General features of the Drosophila interaction map and visualization tool
We carried out a total of 154 screens on 102 Drosophila proteins. In all, 18,353 positive colonies were picked and 15,201 prey inserts were successfully sequenced. From these prey fragments, 2338 PPI and 2484 SIDs (mean size: 267 residues) were identified. Of these, 153 interactions fell into the “sticky” category (PBS E). The remaining set defined 2185 interactions connecting 1711 Drosophila proteins, which corresponds to an average connectivity of 2.55 partners per connected proteins and of 21.4 partners per bait (Table 1).

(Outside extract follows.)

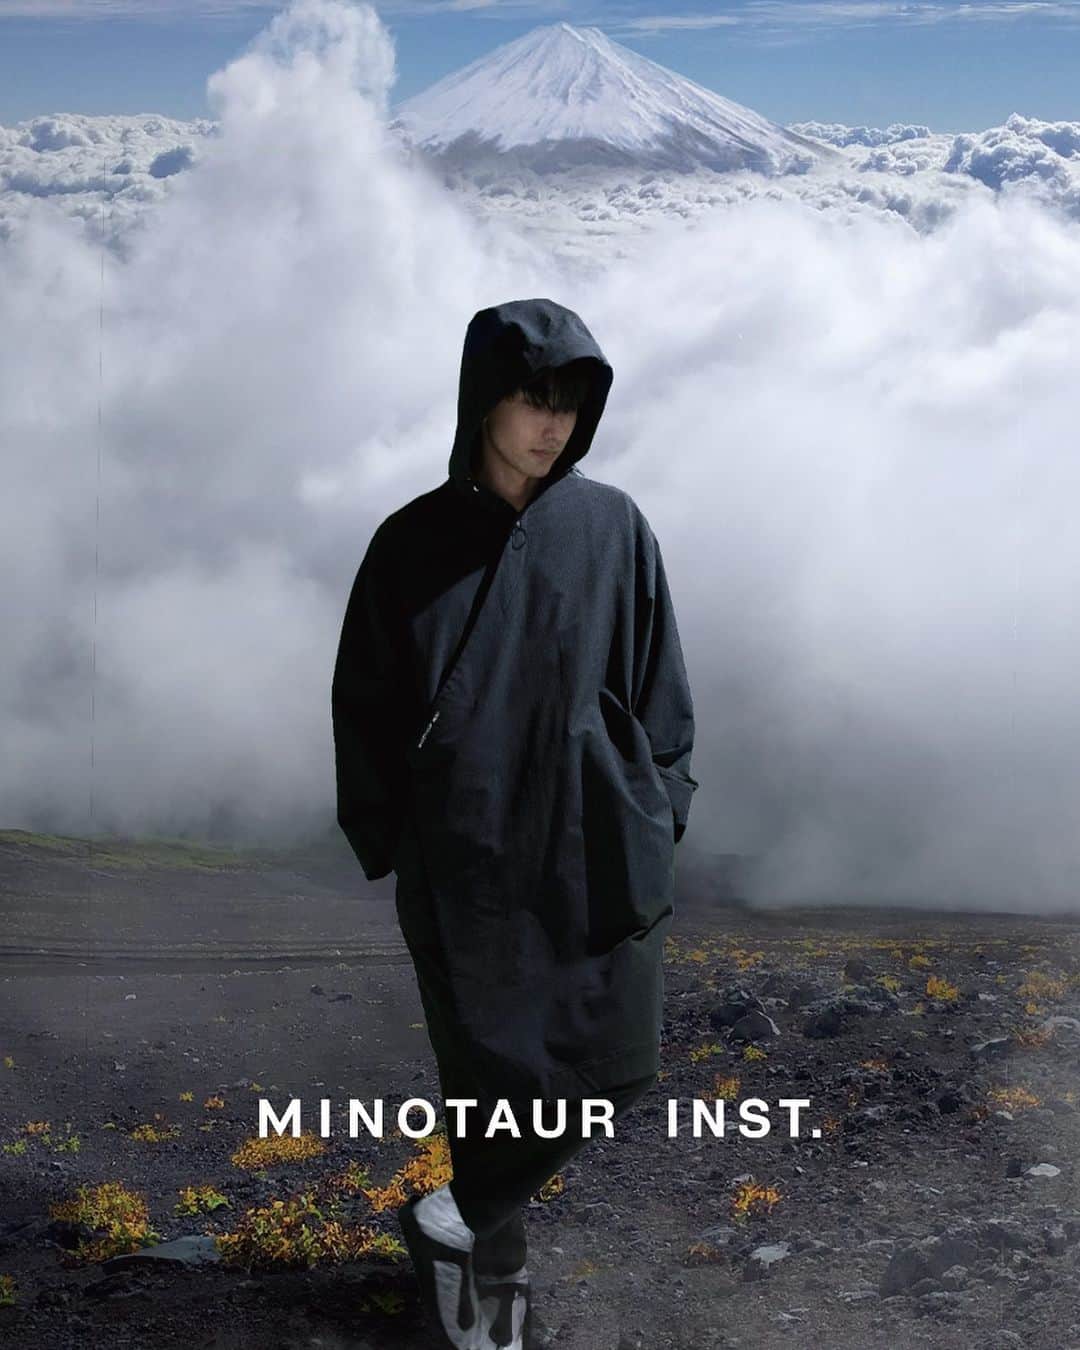 ミノトールさんのインスタグラム写真 - (ミノトールInstagram)「MINOTAUR INST. MF HOOD COAT  FUNCTION : WATER REPELLENT WATER ABSORPTION STRETCH MACHINE WASHABLE NO WRINKLES  Made in Japan  高い撥水性、ストレッチ性に優れた機能素材を使用した軽快な和モダンコート。 生地表面は撥水加工仕上げの為、外気の冷たい雨風ををカット。内側は保温性の高いボアフリース仕様で肌触りが良く重ね着を軽減。 家庭用洗濯機で洗濯可能なのでお手入れも簡単。 フロント部分にジップやボタンはなく、脇部分のバックル調整ストラップにより、ワンタッチホールドでの開閉が可能に。  A lightweight modern Japanese coat made of functional material with excellent water repellency and stretch properties. The surface of the fabric has a water-repellent finish, so it blocks the cold rain and wind from outside. The inside is made of boa fleece with high heat retention, which feels good against the skin and reduces layering. It is easy to clean as it can be washed in a household washing machine. There are no zips or buttons on the front, and the buckle adjustment straps on the sides allow you to open and close with one touch.  #minotaur_inst #minotaurinst #minotaur #minotaur_shop #ミノトールインスト #ミノトール  #zen #mindfulness #mindfulnesswear #機能アウター #テクニカルフード #techpants #機能パンツ #relaxsmart #リラックススマート #はかまパンツ #hakamapants #hakama #japanesemodan」10月5日 19時46分 - minotaur_inst._official

The average connectivity for the high-confidence map (PBS A to C) is of seven partners per bait, an estimate in accordance with those proposed in recent studies (Grigoriev 2003; Lehner and Fraser 2004).
Table 1.
Value | Comments | |
---|---|---|
Screens | 154 | |
Combinations of bait/prey polypeptide tested | 7.7 × 109 | |
Preys tested/bait | 5 × 107 | |
Selected colonies/bait | 0-380 | On average 119 colonies/bait |
Selected colonies/million pairs tested | 1.7 | |
Selected clones | 18,353 | |
Sequenced clones | 16,123 | 88% of selected clones |
Clones identified | 15,201 | 94.3% of sequenced clones |
6.7% not predicted cDNA | ||
Protein-protein interactions | 710 (PBS A to C) | |
2185 (PBS A to D) | ||
2338 (PBS A to E) | ||
Proteins connected | 641 (PBS A to C) | |
1711 (PBS A to D) | ||
1727 (PBS A to E) | ||
Mean connectivity | 2.22 (PBS A to C) | 2.9/bait (PBS A) |
2.55 (PBS A to D) | 5.8/bait (PBS A, B) | |
2.71 (PBS A to E) | 7/bait (PBS A to C) | |
21.4/bait (PBS A to D) | ||
SID identified | 2484 |
For display and analysis of large interaction data sets, we used a previously developed software platform, the PIMRider (Colland et al. 2004). This tool has been considerably enhanced to visualize multiple PIMs from different libraries and includes several viewers (Supplemental Fig. 1). Access to all data through the PIMRider software is freely available following registration at http://pim.hybrigenics.com.
Drosophila protein interaction map analysis
Global analysis of Gene Ontology (GO) distribution in the map and in the fly genome
The complete interaction map and the high-confidence score map were classified according to a reduced set of selected GO categories (Table 2). This distribution was compared to the one of the annotated Drosophila proteome. A few classes are enriched or depleted because of a primary bias in the distribution of the bait proteins (e.g., apoptosis regulator, cell death, or protein metabolism). An expected enrichment in the binding function class is observed. Interestingly, there is no significant depletion in membrane proteins. This suggests that the Y2H strategy used in our study (specific bait design, use of prey fragment libraries) overcomes the frequent bias against these cellular components reported in other studies (Giot et al. 2003). The ability of our Y2H assay to efficiently detect interactions involving membrane proteins is convincingly exemplified in a recent study (Boeda et al. 2002). Conversely, we did not observe an enrichment in nuclear proteins as recently reported (Giot et al. 2003).
Table 2.
Among the other classes, proteins with catalytic activity are underrepresented. The observed depletion may reflect the recognized difficulty to detect transient enzyme-substrate interactions even using a rather sensitive assay. Alternatively, exogenous catalytic activities may, in some circumstances, be toxic to yeast.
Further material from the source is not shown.